C'est ce que j'ai fait!

 *Quote:*   

> Tu n'aurais pas mis à jour la version de hald ? (dans ce cas, t'es bon pour recompiler un gros packet de kde). 

 

Non, c'est une installation neuve!

 *Quote:*   

> Tu t'ai ajouté à ce groupe : plugdev:x:409:loopx,nikk (moi et le frero par exemple) ? 

 

Il a refusé en me disant que le groupe "plugdev" n'existait pas!

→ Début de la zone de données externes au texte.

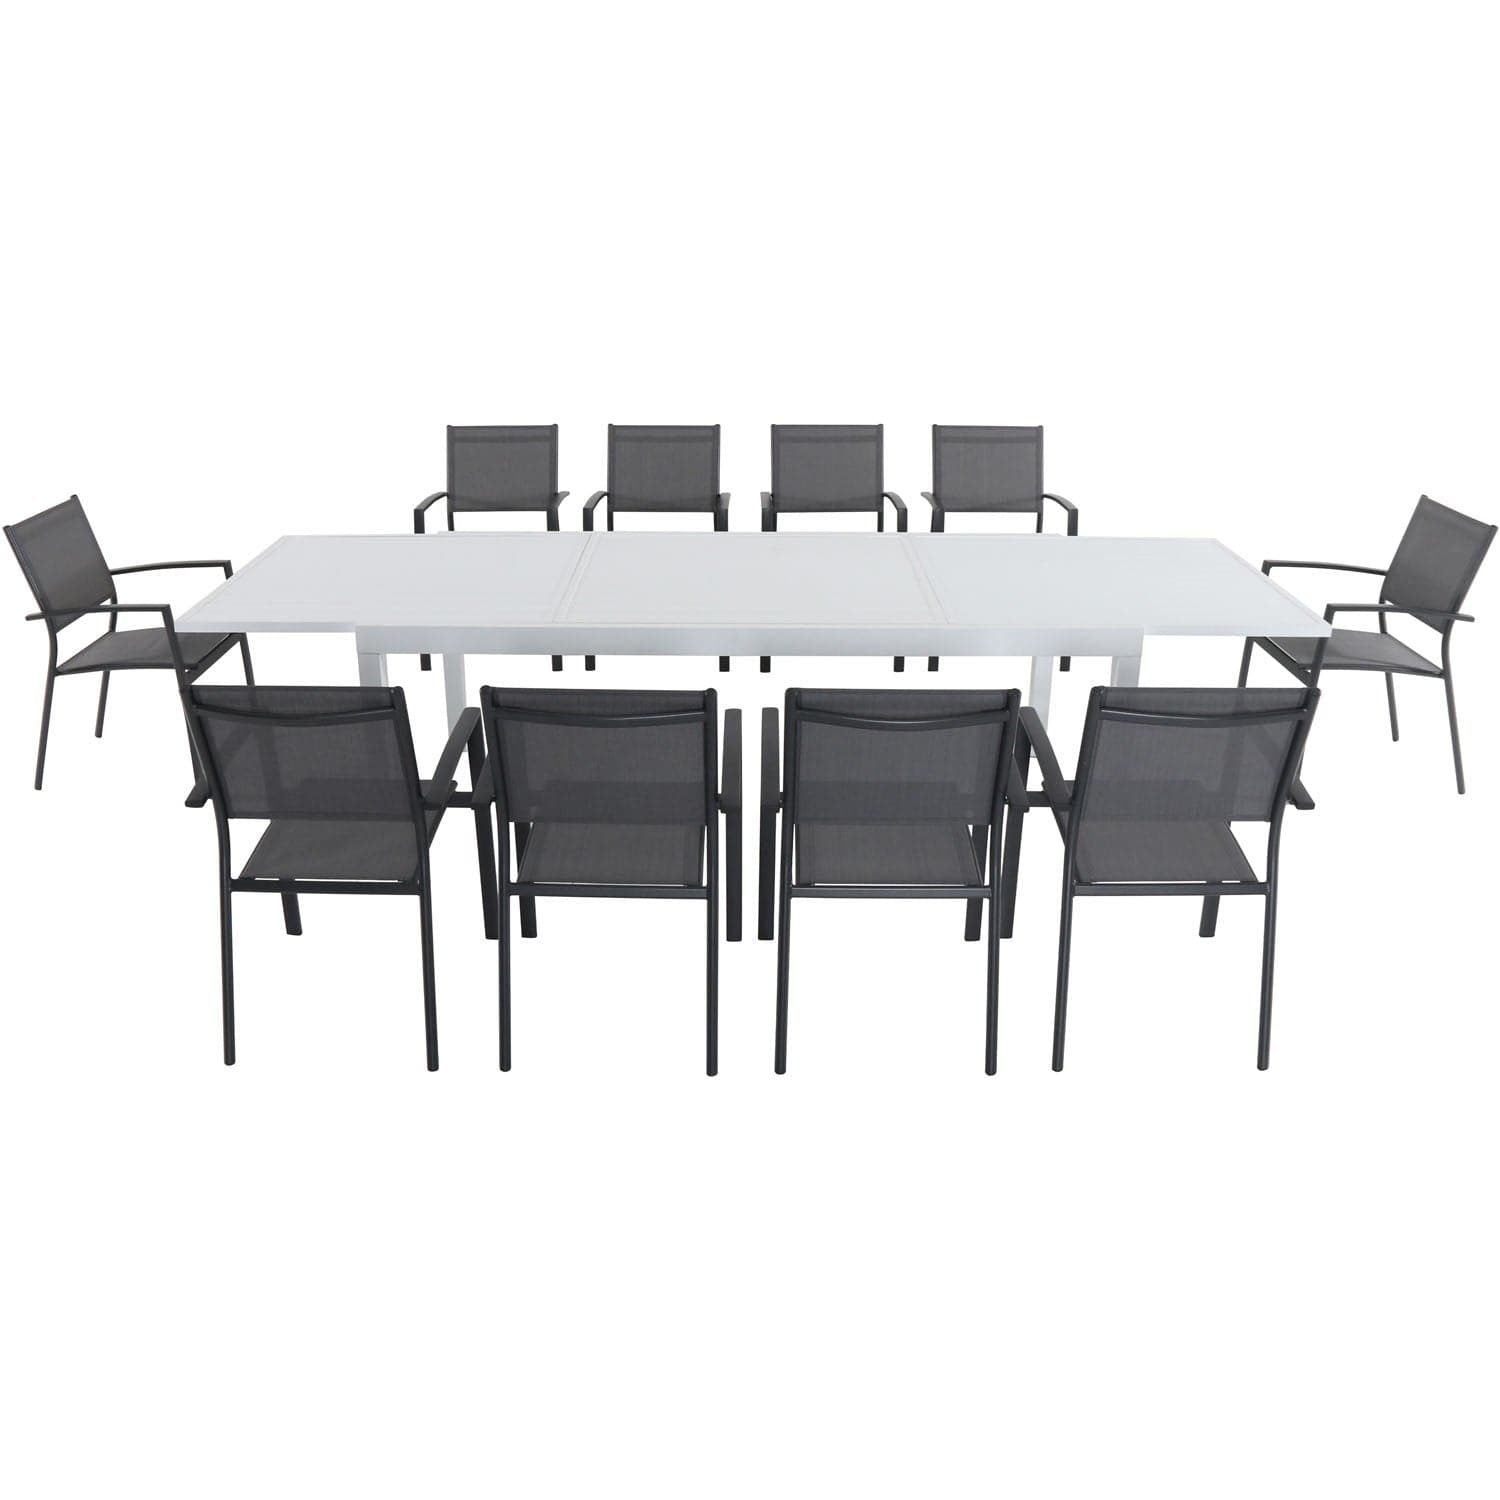 Hanover Outdoor Dining Set Hanover Del Mar 11 Piece Outdoor Dining Set with 10 Sling Chairs in Gray and a 40" x 118" Expandable Dining Table | DELDN11PC-WG

Je veux bien le créer, mais comment faire?

 *Quote:*   

> emerge pmount ? 

 

Qu'est-ce, à quoi cela sert (pas demandé à ce stade dans la doc!).

 *Quote:*   

> check ton /etc/fstab (pour ton cd, le montage en user)... 

 

Je pense en effet que cela n'a pas grand chose à voir, mais il est bien en user.

Ça en fait des questions  :Exclamation: 

----------

## BuBuaBu

Le problème vien de dbus reemerge dbus sans metre --noreplace. (emerge dbus)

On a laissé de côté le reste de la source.